ABOUT THIS EXERCISE
Please say how many lines below include the word "Plus", with nothing beyond the number.

MATERIAL PROVIDED

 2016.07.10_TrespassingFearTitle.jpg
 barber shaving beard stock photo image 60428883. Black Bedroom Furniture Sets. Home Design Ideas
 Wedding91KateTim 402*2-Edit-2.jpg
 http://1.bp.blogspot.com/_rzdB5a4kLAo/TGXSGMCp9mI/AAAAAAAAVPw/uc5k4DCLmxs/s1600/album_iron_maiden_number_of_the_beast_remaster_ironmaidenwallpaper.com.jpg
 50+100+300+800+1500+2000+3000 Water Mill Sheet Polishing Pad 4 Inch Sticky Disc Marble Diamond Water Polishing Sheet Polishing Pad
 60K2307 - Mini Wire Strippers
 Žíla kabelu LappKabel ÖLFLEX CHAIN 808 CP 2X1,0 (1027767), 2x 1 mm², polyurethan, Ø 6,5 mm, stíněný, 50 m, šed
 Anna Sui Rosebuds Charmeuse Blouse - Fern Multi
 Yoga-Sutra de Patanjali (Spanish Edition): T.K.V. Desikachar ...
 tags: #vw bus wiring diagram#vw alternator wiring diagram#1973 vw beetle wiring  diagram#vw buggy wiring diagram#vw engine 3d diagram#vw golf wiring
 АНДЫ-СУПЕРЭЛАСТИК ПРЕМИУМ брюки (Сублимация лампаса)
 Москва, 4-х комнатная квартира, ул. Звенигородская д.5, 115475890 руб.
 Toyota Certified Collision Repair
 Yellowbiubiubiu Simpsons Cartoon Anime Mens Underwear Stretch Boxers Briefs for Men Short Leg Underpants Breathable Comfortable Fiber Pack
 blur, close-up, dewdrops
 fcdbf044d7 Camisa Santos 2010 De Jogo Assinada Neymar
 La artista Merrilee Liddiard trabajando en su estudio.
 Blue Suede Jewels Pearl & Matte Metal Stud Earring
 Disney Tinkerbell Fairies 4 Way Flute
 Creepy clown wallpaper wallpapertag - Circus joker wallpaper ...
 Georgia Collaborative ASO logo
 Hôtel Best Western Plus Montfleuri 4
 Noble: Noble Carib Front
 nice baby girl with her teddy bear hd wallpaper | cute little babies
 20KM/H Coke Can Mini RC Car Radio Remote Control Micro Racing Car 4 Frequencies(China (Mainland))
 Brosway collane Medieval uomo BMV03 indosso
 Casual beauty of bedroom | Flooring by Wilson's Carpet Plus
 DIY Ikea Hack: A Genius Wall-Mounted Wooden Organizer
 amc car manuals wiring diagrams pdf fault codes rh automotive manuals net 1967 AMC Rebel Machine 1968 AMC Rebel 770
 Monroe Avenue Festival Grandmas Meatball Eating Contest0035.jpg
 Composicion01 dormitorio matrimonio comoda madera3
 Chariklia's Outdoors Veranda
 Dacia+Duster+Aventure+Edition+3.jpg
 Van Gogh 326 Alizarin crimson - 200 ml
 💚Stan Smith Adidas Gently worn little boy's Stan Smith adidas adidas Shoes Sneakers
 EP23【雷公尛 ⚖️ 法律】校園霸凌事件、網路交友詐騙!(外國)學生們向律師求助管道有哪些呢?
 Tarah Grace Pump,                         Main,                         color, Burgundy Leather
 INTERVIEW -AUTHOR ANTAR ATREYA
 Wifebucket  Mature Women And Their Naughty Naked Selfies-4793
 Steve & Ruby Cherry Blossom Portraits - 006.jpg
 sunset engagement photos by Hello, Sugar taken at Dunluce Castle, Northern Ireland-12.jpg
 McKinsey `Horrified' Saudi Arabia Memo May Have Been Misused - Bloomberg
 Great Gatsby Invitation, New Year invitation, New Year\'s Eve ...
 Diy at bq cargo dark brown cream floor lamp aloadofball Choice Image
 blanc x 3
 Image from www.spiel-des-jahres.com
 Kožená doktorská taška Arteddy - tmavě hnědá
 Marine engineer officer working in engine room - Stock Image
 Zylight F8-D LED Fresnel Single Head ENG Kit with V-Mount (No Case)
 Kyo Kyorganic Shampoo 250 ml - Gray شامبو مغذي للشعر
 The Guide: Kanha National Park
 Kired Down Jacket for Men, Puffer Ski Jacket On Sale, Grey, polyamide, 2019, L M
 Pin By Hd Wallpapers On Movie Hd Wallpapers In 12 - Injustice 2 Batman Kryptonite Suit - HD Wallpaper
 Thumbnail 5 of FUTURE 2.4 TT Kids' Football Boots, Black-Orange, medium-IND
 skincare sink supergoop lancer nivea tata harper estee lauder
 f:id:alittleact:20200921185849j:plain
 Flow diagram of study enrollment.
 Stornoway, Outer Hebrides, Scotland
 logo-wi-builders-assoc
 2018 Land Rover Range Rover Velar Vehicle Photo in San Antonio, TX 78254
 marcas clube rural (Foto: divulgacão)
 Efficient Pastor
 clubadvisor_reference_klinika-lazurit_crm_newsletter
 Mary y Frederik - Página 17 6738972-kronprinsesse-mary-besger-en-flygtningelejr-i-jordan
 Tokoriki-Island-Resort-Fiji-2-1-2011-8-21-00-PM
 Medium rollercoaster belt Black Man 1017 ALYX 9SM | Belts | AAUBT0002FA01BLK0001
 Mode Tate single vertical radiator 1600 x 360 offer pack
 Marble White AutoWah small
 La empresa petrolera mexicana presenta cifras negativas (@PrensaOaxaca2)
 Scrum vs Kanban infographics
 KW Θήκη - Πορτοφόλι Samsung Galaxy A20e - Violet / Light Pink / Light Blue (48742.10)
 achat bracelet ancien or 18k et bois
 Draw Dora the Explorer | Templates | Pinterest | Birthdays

RESPONSE
2